Sickened, Gab excused himself and ran around for a soda store. He just realized (after meters of running to what was becoming an unlit area) that no store was open at that time of the night. He tapped his forehead and started to walk back when a solitary light source suddenly switched on from the second floor caught his attention. From the barely lit area he was on, he could see a clown on a wheelchair with a huge grin, looking at him. On the clown’s left was a nurse with bandages all over her arms and face, holding dextrose. The high unlikeliness of such people, in such a time, on that unusual place gave way to goose bumps across his body. The light flickered for a moment and stayed off, along with the disappearance of the odd bunch. Gab had irrationally feared to look behind him. He started to run towards his seat, half in fear and half in hunger. He bumped on a waiter with a crutch on his left side. The wine-filled glasses on the tray were almost spilled, thankfully and oddly, seeing a handicapped man serving as a waiter.
Gab slightly bowed his head down. “I’m sorry.”
“No need for apologies. You must’ve been excited for these red wine,” the waiter kindly replied.

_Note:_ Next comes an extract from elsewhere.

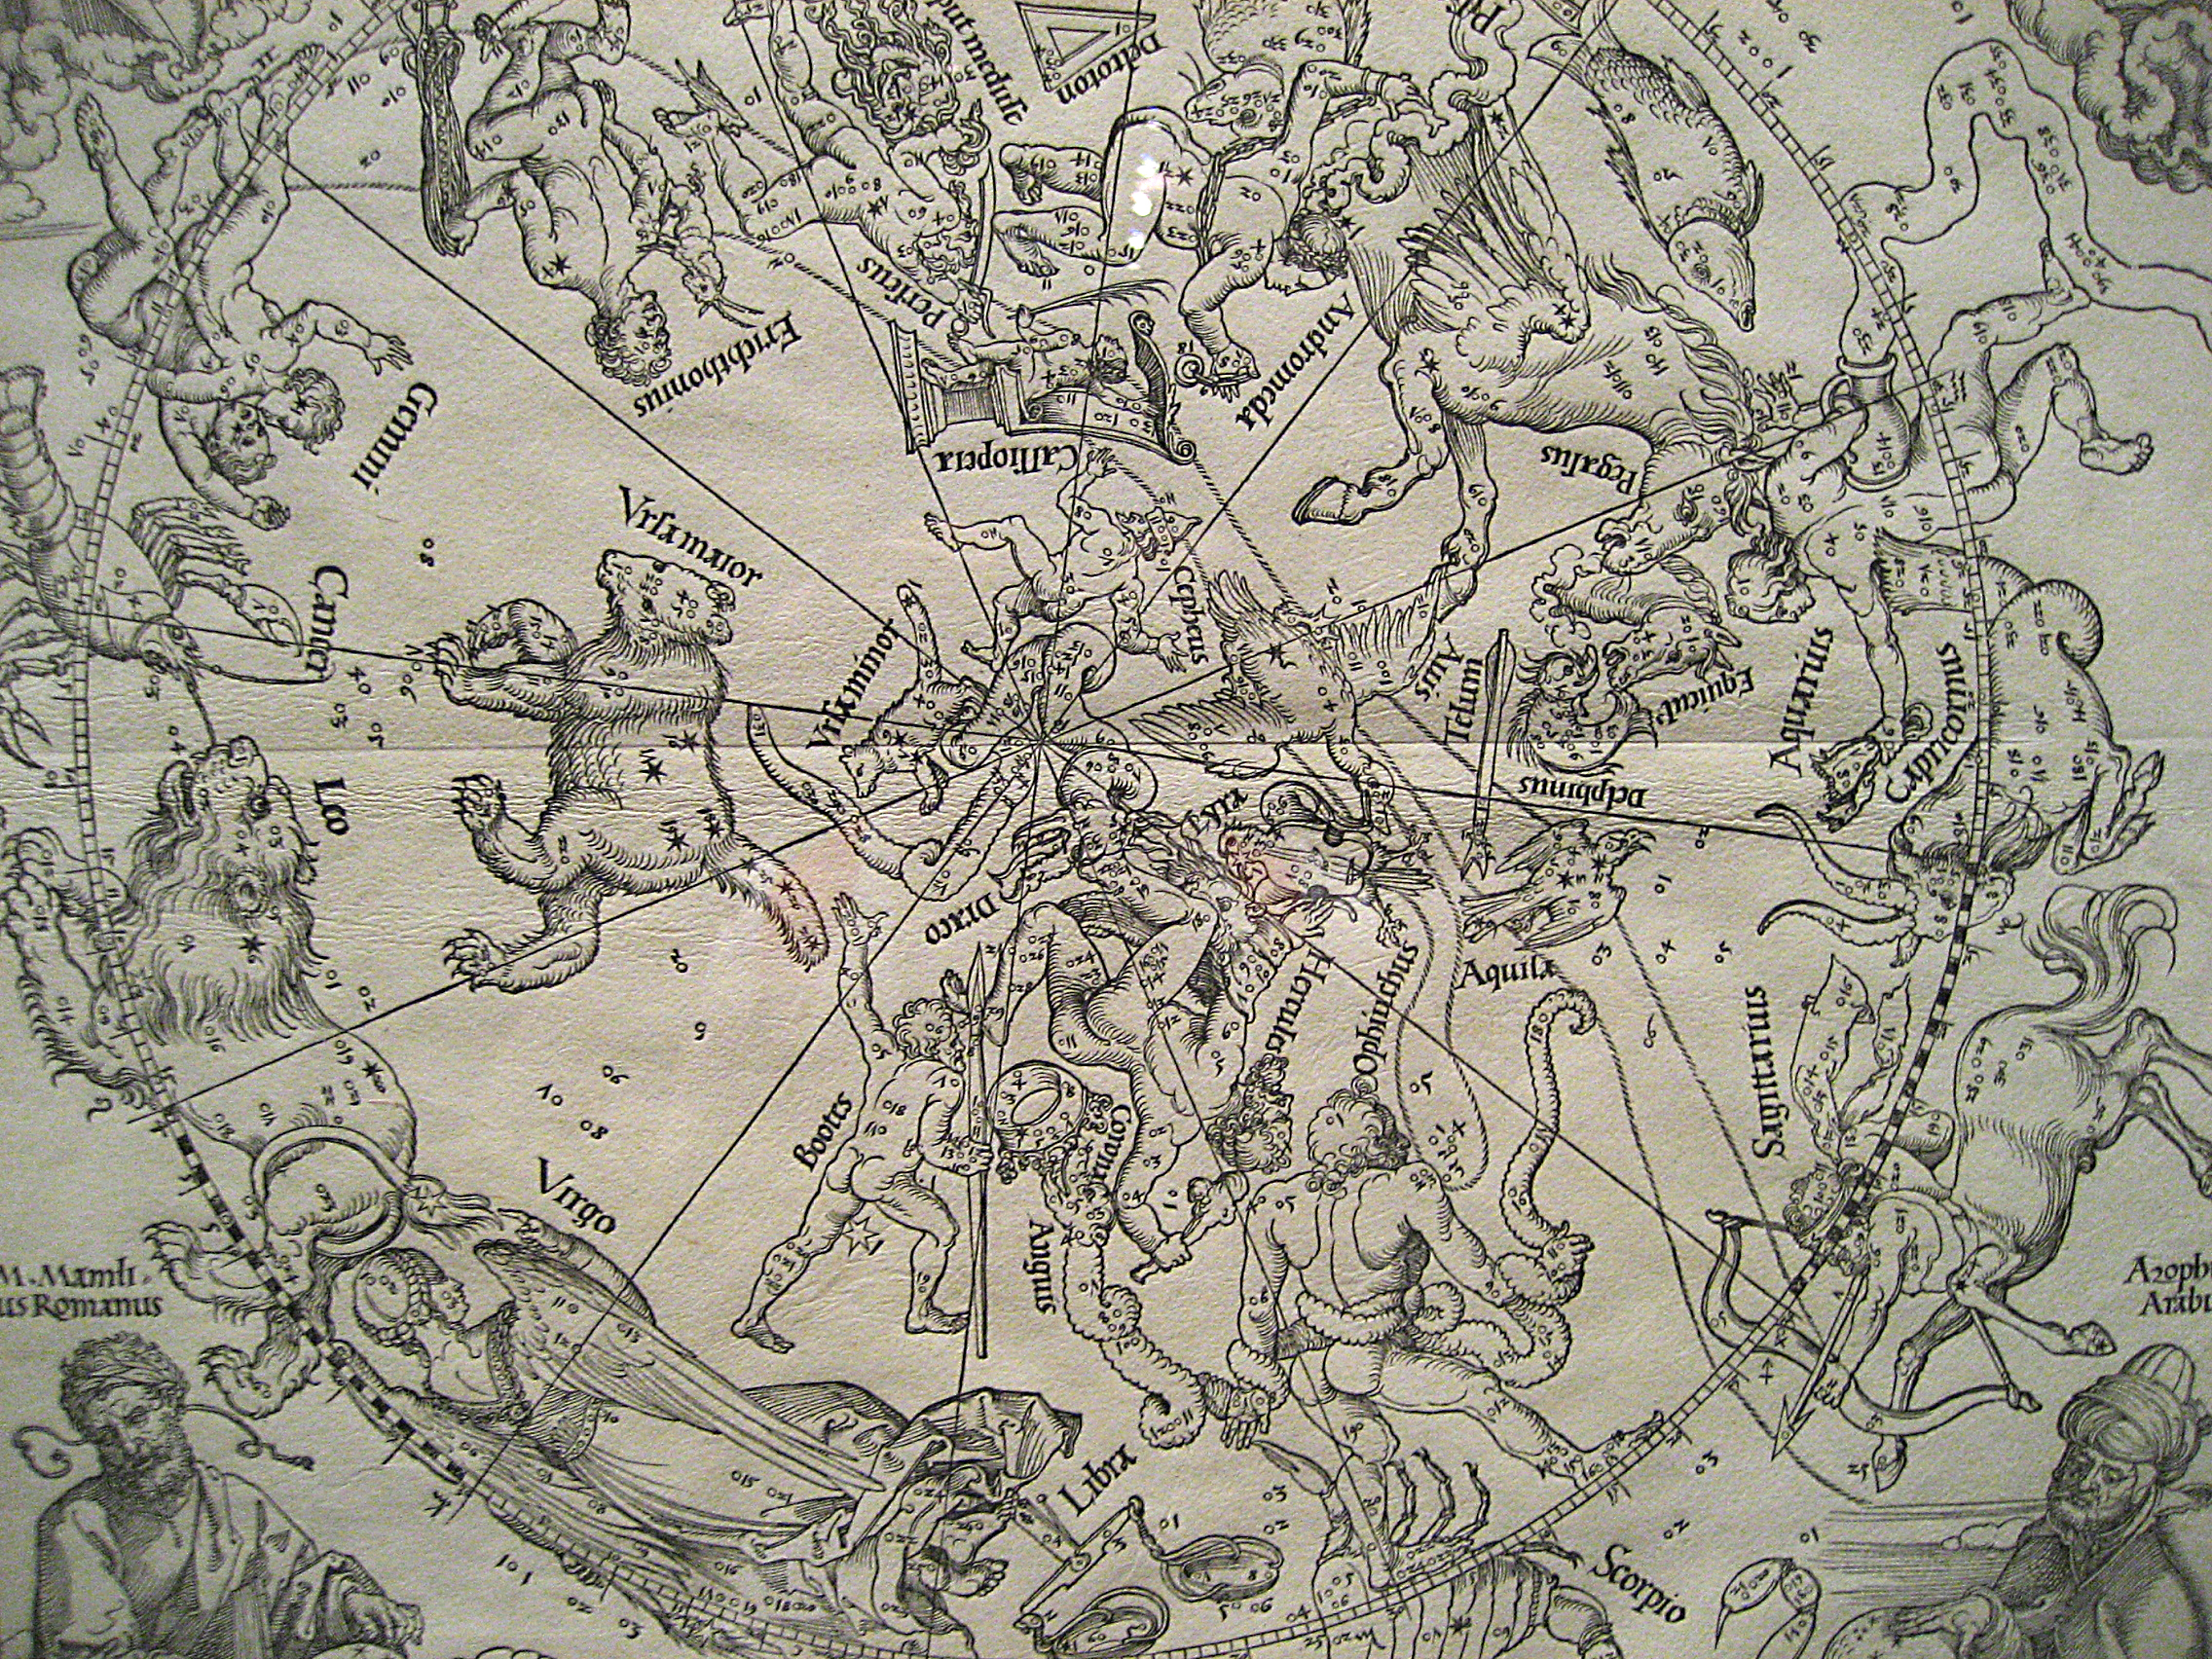 Celestial_Map_of_the_Northern_Sky_1515_MET_NYC dans SAGESSE des PLEIADES

“Uh. No, not really. I’m not into wine,” Gab replied as he analyzed the waiter. The waiter had curly but neatly managed hair. In white long sleeves topped with a red vest of golden trim, same color-schemed hat and handsomely shone shoes.

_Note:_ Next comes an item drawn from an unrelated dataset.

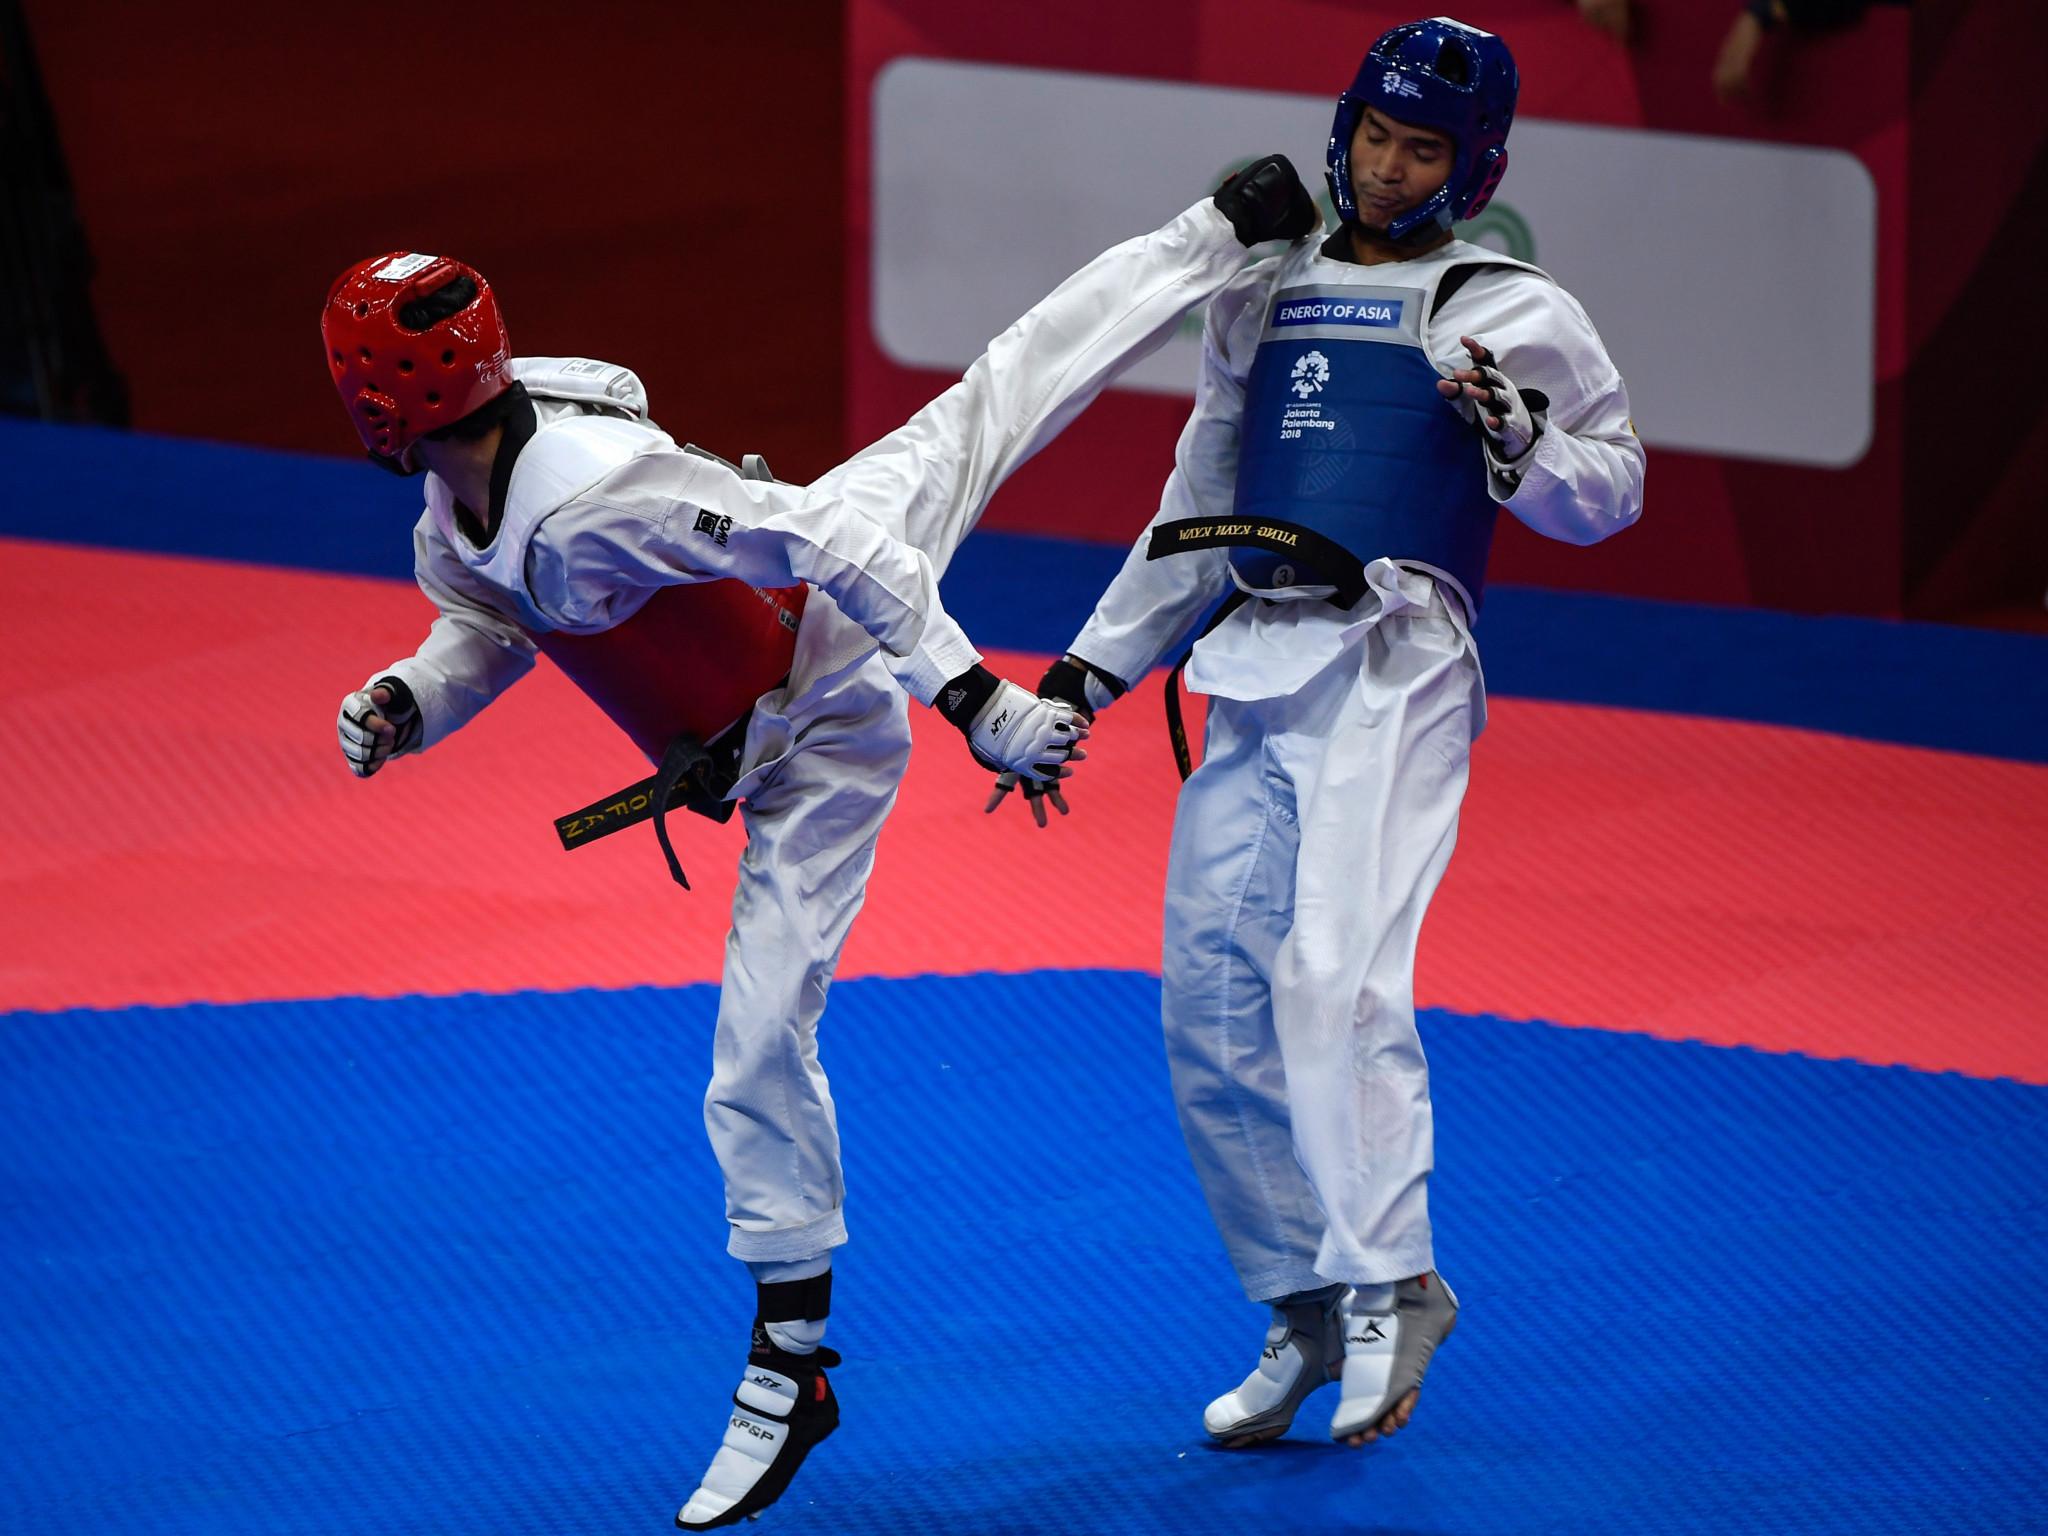 Pakistan's South Asian Games taekwondo medallists rewarded

“Isn’t wine what you modern teenagers like?”
“Either it’s just me or that the hit today is soda or iced tea.”
“Oh, thank you for the information. I’d try wine if I were you. They’re very good for the soul. I envision that you’d be taking a glass with no interest whatsoever in drinking it; just as an act of kindness to me, though. I’m just endorsing, that’s all.”
Gab cocked an eyebrow in awe. “Woah. That was what I was thinking. You read minds or something?”
“I’ve been told,” the waiter jokingly bragged. “What’s your name?”
“Gab. Gabriel Sherwood. Nice to meet you, Bob.”
“How’d you know my name? You read minds too?”
“I’ve been told,” Gab said in a proud comeback. He chuckled as he pointed out Bob’s name tag. “Well, I have to go back and eat. Thanks and sorry, Bob.”
“Sure, Gabriel,” Bob muttered.
Bob walked away, supported by a crutch on his left. Gab wanted to help but he was really hungry. He found his way to his seat as he was greeted by Ken.
“Well, where’d you go?”
Gab sighed. “Looked for soda and failed.”
“That was kinda long for soda-hunting.”
Gab ate the Cordon Bleu served with fresh diced vegetables slowly, unlike Vincent and Ken’s style of gorging. They finished the food as soon as they got their hands on the utensils. Coach Evan took Gab’s drink as they chatted about random things such as love, films and why Miley Cyrus was relevant. A short program was hosted by a man in a black business suit with glasses. Gab didn’t pay attention but he heard the guy was Ardus “Nocturne” Edison, the CEO of the International Robot Association and of Virtual World Corporation, both of which interest him. He didn’t give a damn to the lengthy speech showered with generous applause, but he felt he heard his voice a lot during his childhood.
Coach Evan had a little chitchat with the other coaches, who only looked like denominator-increasers of their ranking for the competition report he had to submit. After a long night of sitting and waiting on a corner as he saw socializing among the competitors, the Team walked back to Le Blanc Bouquet with a full stomach and an empty energy meter.